13. CHAPTER 11 #2

My mind drifted to the woman upstairs and what exactly she was doing at this moment. I shouldn’t be thinking of her. I wasn’t. It was more curiosity than anything else.

“If we walk away,” I heard Demola tell Laurent, “we walk away into nothing.”

His gaze stayed on the papers on the table.

“We have already stretched ourselves to make this alliance possible. The terms with our backers are tied to its existence. Dissolving it would mean dismantling everything we’ve built.”

He lifted his head, looked at each of his sons in turn. “You might be young enough to recover,” he told them. “I am not. This house will not be the one that died of pride.”

The math was simple and men like Demola knew the stakes.

Everything relies on the alliance. If he dares dissolve the union, he’ll trigger the clauses.

Funding pulls back from every end and all their assets freeze.

The Moreaux and Fernández name becomes a liability overnight.

They wouldn’t just fall, they’ll be erased.

The fact that he has to explain this to his sons who run the business with him proves my point, that none of them are capable enough to lead.

Laurent looked like he’d been slapped. Blaise’s jaw flexed, showing a flick of disdain for the first time. Debo stared at the table as if he could find an escape clause written in the wood.

“Our daughter ran,” Demola said. “We have no choice but to pay for it.”

There it was. The correct sentence, at last.

“Our daughter.” Not “My daughter.” Or “Léonie.”

She was nothing to him but a unit. A means to an end.

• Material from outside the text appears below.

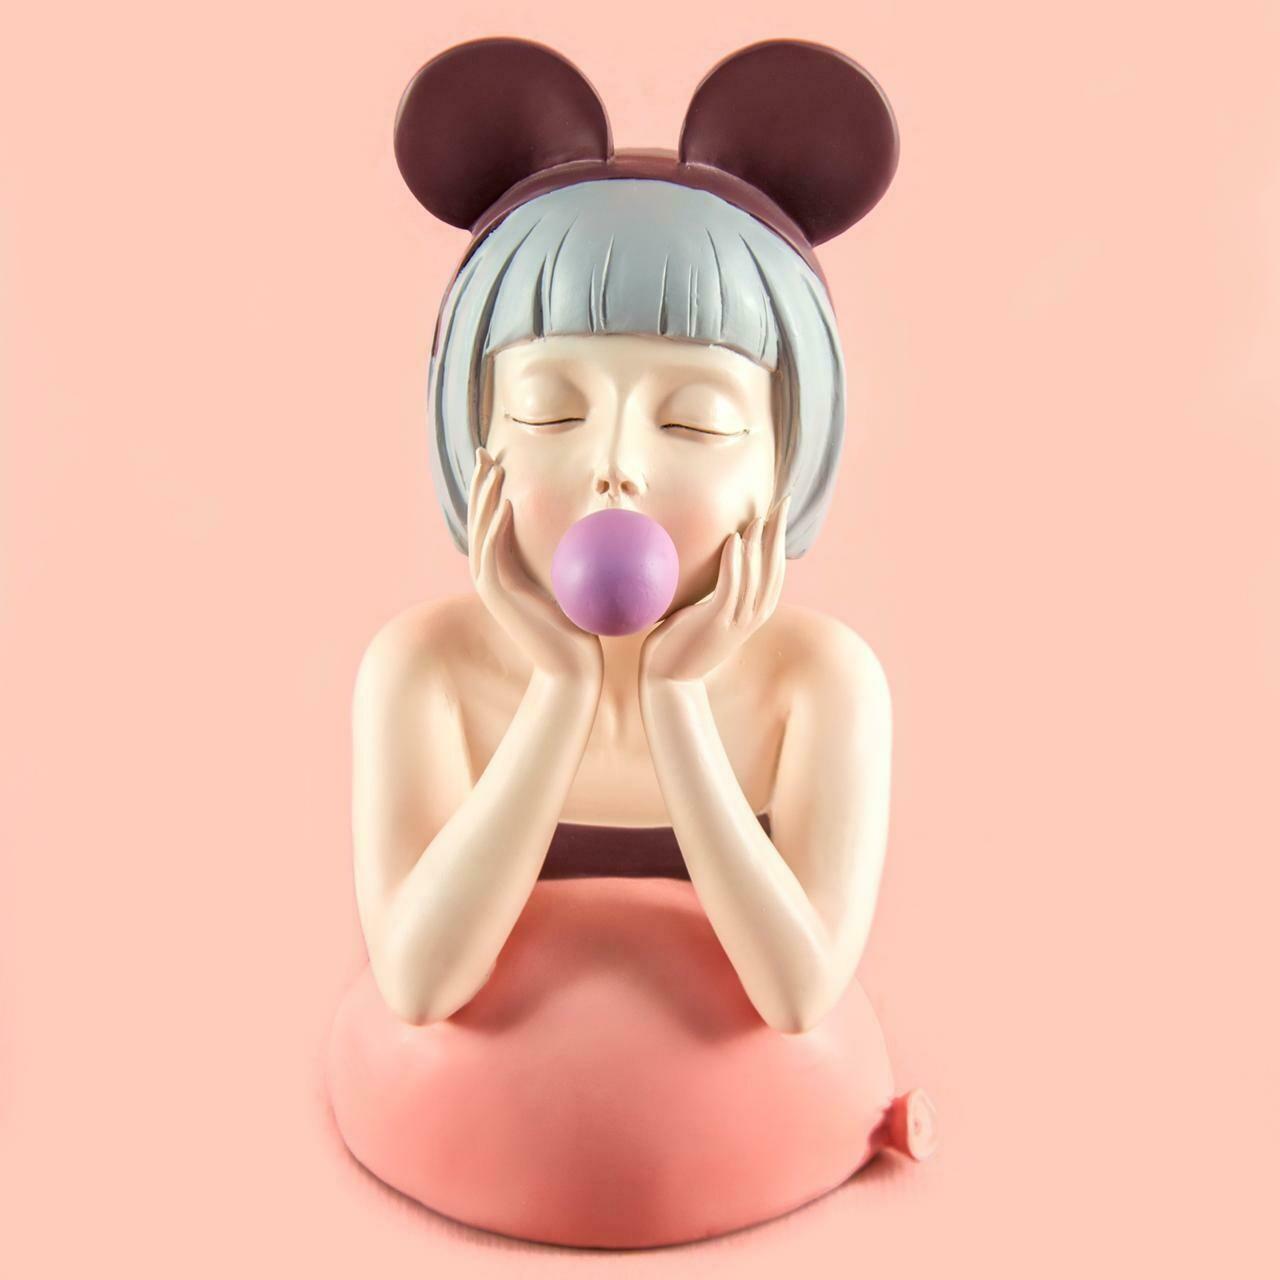 Cute Violet Bubble Girl - Cool Ornaments

There wasn’t a single attempt made by him or his lawyers to counter the clauses. A good father would have burned this contract and walked out into the rain with his daughter on his arm, bankrupt but whole.

A foolish part of me that still existed thought I’d find a flicker of paternal instinct that I would have to crush. Something that reflected the love of a father for his daughter, but there was nothing.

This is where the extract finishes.